During the period of 1995 through 1999, OVEC completed overfire air (OFA) modifications on all eleven generating units at a cost of $8.2 million. OFA reduces the formation of NOx in the boilers by up to 60 percent.
In 2002 and 2003, OVEC invested $355 million to retrofit ten of the eleven OVEC units with selective catalytic reduction (SCR) systems. The SCR systems were designed to further reduce NOx emissions by up to 90 percent.
Between November 2011 and May 2013, four JBR scrubber systems began operation. The placement of the last scrubber in May 2013 completed an overall company investment of approximately $1.3 billion, which included the installation of JBRs on 2,389.86 megawatts of coal-fired generation at both Kyger Creek and Clifty Creek Stations, new landfills at each plant to manage the disposal of coal combustion by-products that are not otherwise beneficially reused, and new wastewater treatment systems for the treatment of residual wastewater generated from the JBR scrubbers. The scrubbers have the ability to reduce SO2 emissions from the fuel used at each plant by up to 98 percent.
OVEC is a proponent of the beneficial reuse of coal combustion residuals and the by-products created by both the generation of electricity and plant environmental control processes.

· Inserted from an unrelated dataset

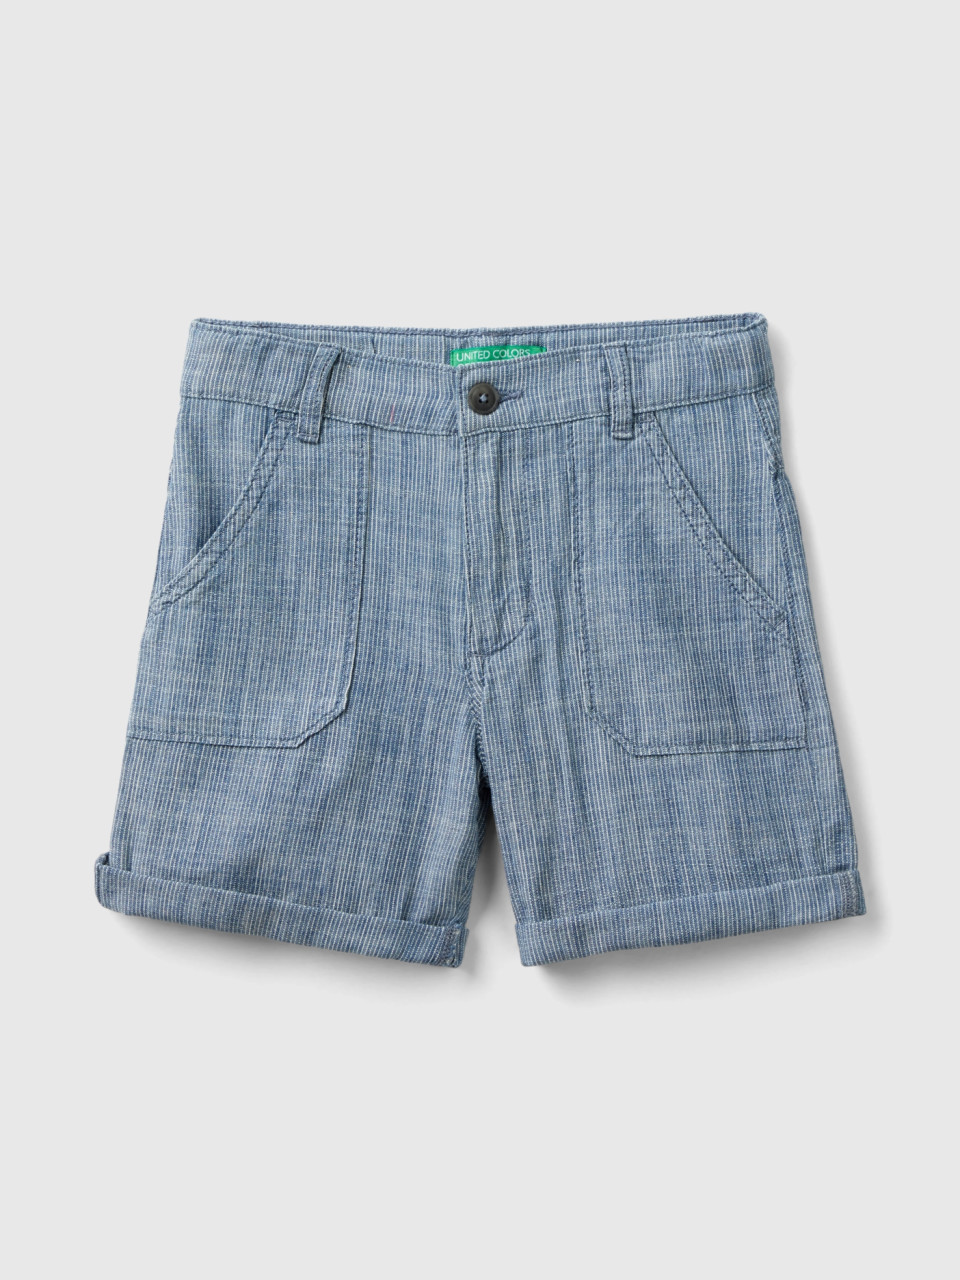 Benetton, Striped Chambray Bermuda Shorts, Blue, Kids

OVEC is a member of The Ohio River Ecological Research Program (ORERP), which is an ongoing multi-year project with the objective of developing a quantitative and qualitative database for the evaluation of power plant impacts on fish and fish communities. Through ORERP, OVEC has been dedicated to monitoring water quality by participating in several studies that illustrate that a balanced, indigenous population of fish and shellfish exist in the Ohio River in and around our power plant discharges.